19,000,000 shares of Common Stock

Ladies and Gentlemen:

We have acted as counsel for UAL Corporation, a Delaware corporation (the “Company”), in connection with the public offering and sale by the Company of: (1) $345,000,000 aggregate principal amount of 6.0% Convertible Senior Notes due 2029 (the “Notes”) issued under an indenture dated as of October 7, 2009 (the “Indenture”), between the Company and The Bank of New York Mellon Trust Company, N.A., as trustee, and (2) 19,000,000 shares of common stock, par value $0.01 per share, of the Company (the “Common Stock”).

In that connection, we have examined originals, or copies certified or otherwise identified to our satisfaction, of such documents, corporate records, certificates of corporate officers and government officials and other instruments as we have deemed necessary or appropriate for the purposes of this opinion, including the Registration Statement on Form S-3 (Registration No. 333-155794), filed with the Securities and Exchange Commission (the “Commission”) on December 1, 2008, for registration under the Securities Act of 1933, as amended, of an indeterminate amount of debt securities and common stock to be issued from time to time by the Company (the “Registration Statement”).

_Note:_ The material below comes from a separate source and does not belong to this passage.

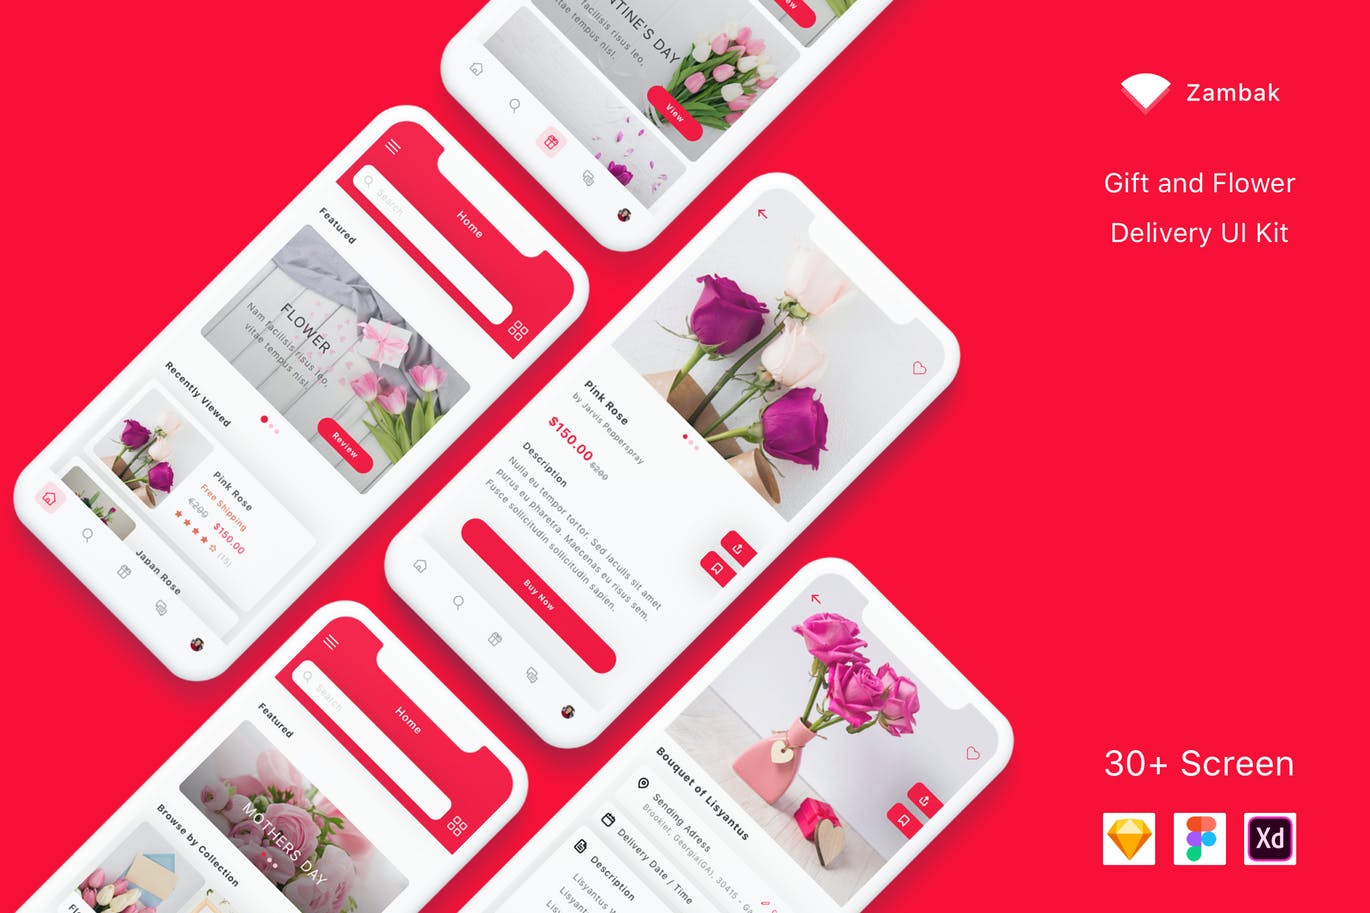 礼品&鲜花预订服务APP应用UI设计素材库精选套件 Zambak – Gift and Flower Delivery App UI Kit插图

In rendering our opinion, we have assumed the genuineness of all signatures, the legal capacity of all natural persons, the authenticity of all documents


submitted to us as originals, the conformity to original documents of all documents submitted to us as certified, conformed or photostatic copies and the authenticity of the originals of such latter documents. As to all documents of fact material to this opinion that have not been independently established, we have relied upon certificates or comparable documents of officers and representatives of the Company and documents furnished to us by the Company without independent verification of their accuracy.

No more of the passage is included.